Прибыв в Ленинград, Жуков как бы вступал в единоборство с главнокомандующим группой армий «Север» — фельдмаршалом фон Леебом. Этот противник был опытным и знающим военачальником. В 1895 году, еще за год до рождения Жукова, он уже служил в армии. В 1909-1911 годах занимал офицерские должности в генеральном штабе Пруссии. В первую мировую войну участвовал в боях и приобрел немалый опыт. Любопытная деталь из биографии Лееба: он участвовал в подавлении мюнхенского гитлеровского путча в 1923 году. Как помнит читатель, этот «пивной путч» был разогнан войсками в течение короткого времени, тогда Гитлер, испугавшись обстрела, убежал с улицы, сказавшись раненым. Вот в этой стрельбе по нацистам участвовал Лееб. После прихода к власти Гитлер, знавший об этой подробности в биографии Лееба, все же не придал ей значения, так как не желал ссориться с генералами, и старый военный аристократ был назначен командиром соединения, которое позже, после Мюнхенского соглашения, входило в Судеты. В боях против Франции Лееб командовал группой «Ц». Он провел молниеносный удар энергично, в полном соответствии с указаниями Гитлера и планами генерального штаба. После победы над Францией, в июле 1940 года, Гитлер наградил Лееба Рыцарским крестом и присвоил ему звание фельдмаршала. При нападении на Советский Союз фон Лееб вел группу армий «Север», овладел Прибалтикой и подступил к Ленинграду.

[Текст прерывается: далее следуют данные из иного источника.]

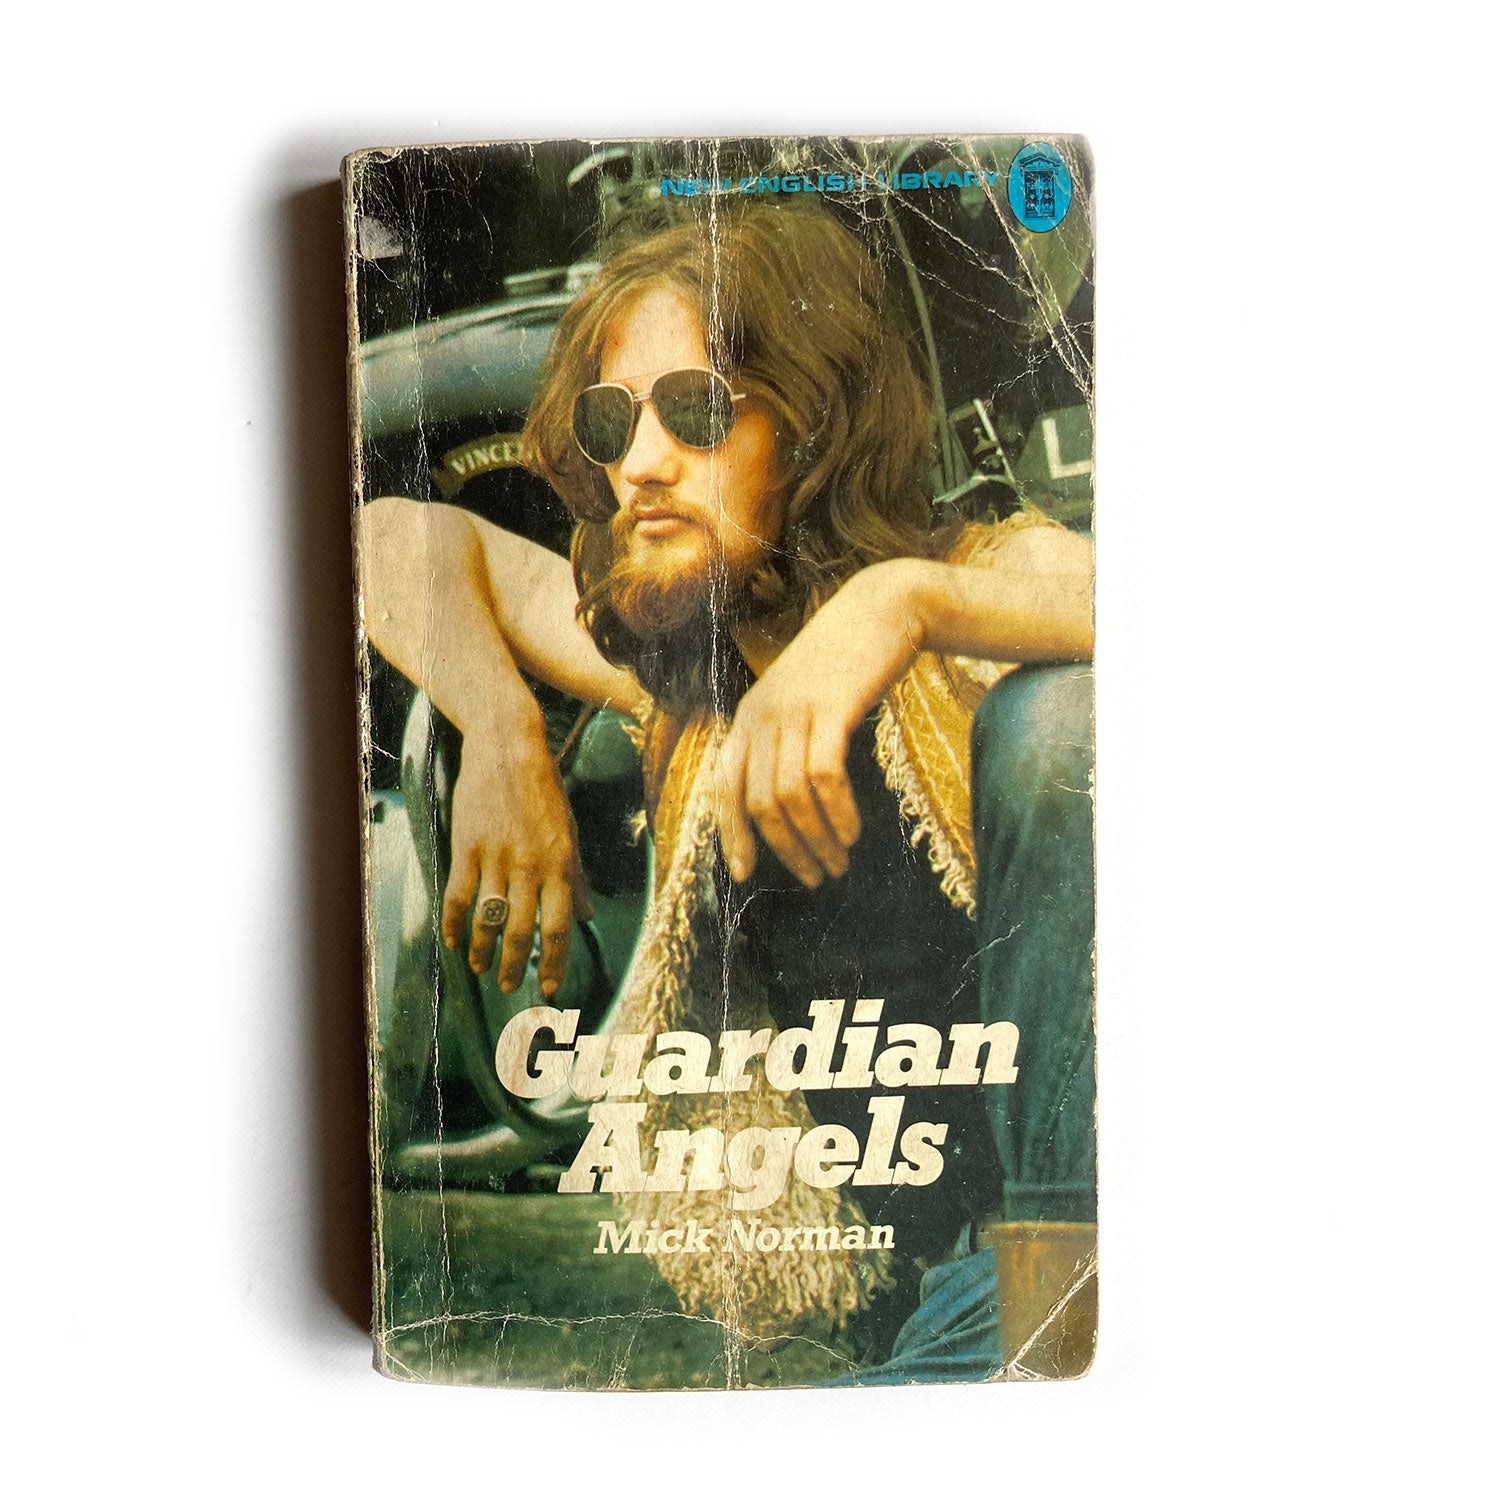 Guardian Angels by Mick Norman, first edition New English Library paperback, 1974
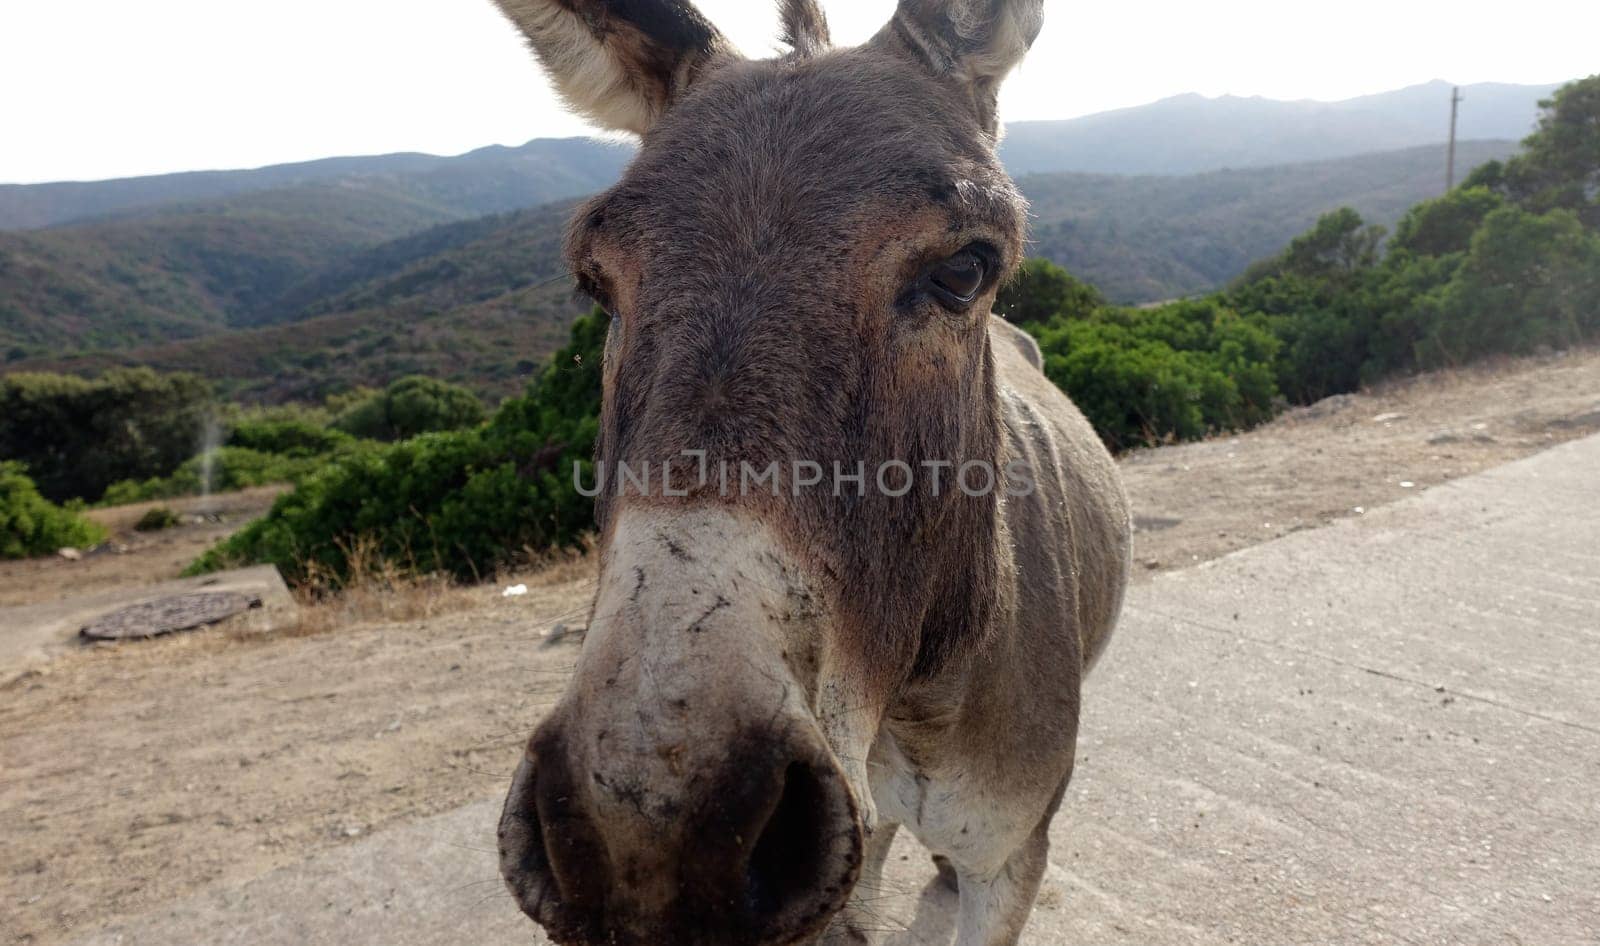 A wild donkey wanders the streets of the village. by Jamaladeen

Вопрос о падении Ленинграда и Лееб и Гитлер считали решенным. Гитлер даже прислал специального офицера в штаб Лееба, который был обязан немедленно доложить о вступлении войск в Ленинград.
Как видим, в свое единоборство Лееб и Жуков вступали в весьма неравных условиях и с неравными силами. Лееб — имея в распоряжении огромное количество войск, воодушевленных предшествующими победами, будучи поддерживаем с тыла хорошо организованным снабжением. А у Жукова — истекающие кровью остатки соединений, которые с момента нападения гитлеровцев вели непрерывные бои, не имели в своем распоряжении достаточного количества боеприпасов и всего необходимого для обороны, и за спиной у них был не снабжающий, а трагический тыл — горящий город, гибнущие в нем женщины и дети.
В нашу историю как легенда вошло мужественное сопротивление войск и жителей города, оборона Ленинграда справедливо названа героической. Но надо сказать, что около 900 тысяч ленинградцев, похороненных на Пискаревском и других кладбищах города, сегодня заставляет нас подумать и о том, что все эти сотни тысяч женщин, детей, стариков могли быть эвакуированы до того, как Ленинград был окружен. И если бы наше командование да и правительство были более дальновидными, то, эвакуировав этих людей и избежав, таким образом, ненужных жертв, можно было облегчить и действия обороняющихся, так как в этом случае на долю оставшихся пришлось бы больше продовольствия, да и всего необходимого для стойкой защиты города.